Most single-domain RL fine-tuning for large language models improves the target domain but often degrades others. This paper's core insight is that such interference is not necessarily a diffuse, full-model phenomenon: updates are sparse and small in magnitude, yet they act on shared active computation routes where a low-dimensional conflict subspace concentrates cross-domain harm. That localization makes selective, low-cost recovery possible.
Key Findings
-
Sparse, route-focused updates. The authors show single-domain RL produces sparse, small-magnitude parameter edits with weak overlap among the top-changed neurons; different domains nonetheless share active computation routes. So what? Interference depends more on which computation routes are activated and how updates project onto those routes than on wholesale gradient alignment across the whole model.
-
Local perturbation theory and the second-order damage term. Under a local perturbation model the dominant harm from later-domain training to an earlier domain arises from a second-order damage term that, given the observed sparsity, concentrates in a low-dimensional shared conflict subspace. So what? Theoretical framing explains why focused interventions (not full rollback) can be effective.
-
Empirical, inexpensive recovery. A short domain-specific "Re-Math" refresh after the sequence Code → Math → QA → CW restored Math performance from 57.66 to 66.04 while largely preserving other domains, improving the overall average to 66.39. So what? Brief, targeted retraining can recover lost capability without expensive full-model re-training.
-
Training-free, sparse rollback evidence. A training-free rollback applied on a sparse proxy conflict coordinate set for the Math–QA pair partially restored Math, providing direct proxy-level evidence that damage is localized and addressable without full retraining.
Who It's For & Trade-offs
Great fit if you are an ML researcher or model maintainer investigating RLHF/multi-domain fine-tuning, want mechanistic explanations for cross-domain failure modes, or need low-cost repair strategies for deployed LLMs.
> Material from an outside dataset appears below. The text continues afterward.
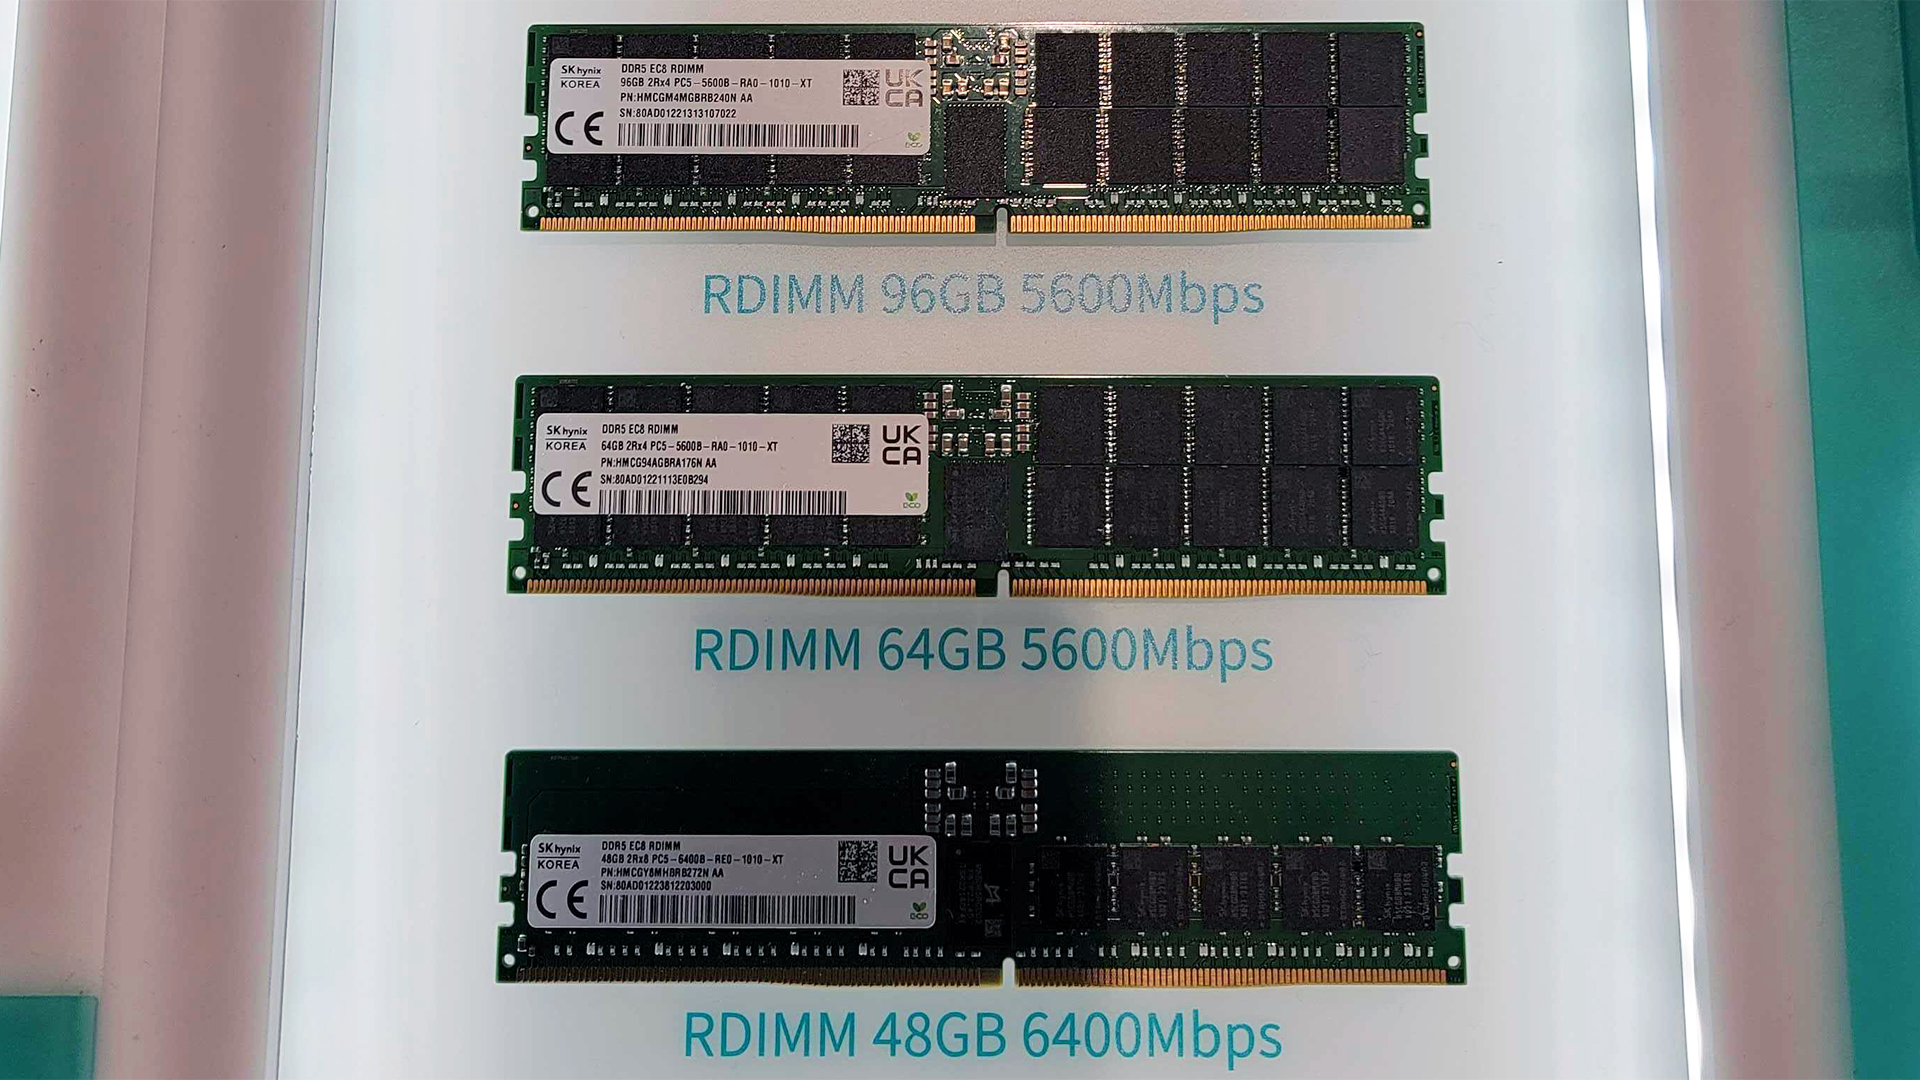 DDR5 is Coming: First 64GB DDR5-4800 Modules from SK Hynix

Look elsewhere if your primary failure mode is dense, large-magnitude catastrophic forgetting across the entire parameter space or if you cannot observe/identify neuron-level activations or active computation routes — the proposed methods rely on route-sparsity assumptions and probes that may be harder to apply on very different architectures or opaque production stacks.
Methodological notes
The paper combines empirical probing (route/activity analysis and sparse coordinate interventions) with a theoretical local-perturbation model that formalizes damage as a second-order term concentrated on shared active routes. The combination of proof and targeted empirical interventions gives practical guidance: identify conflict coordinates or run a short domain refresh to contract harmful components in the conflict subspace before resorting to large-scale retraining.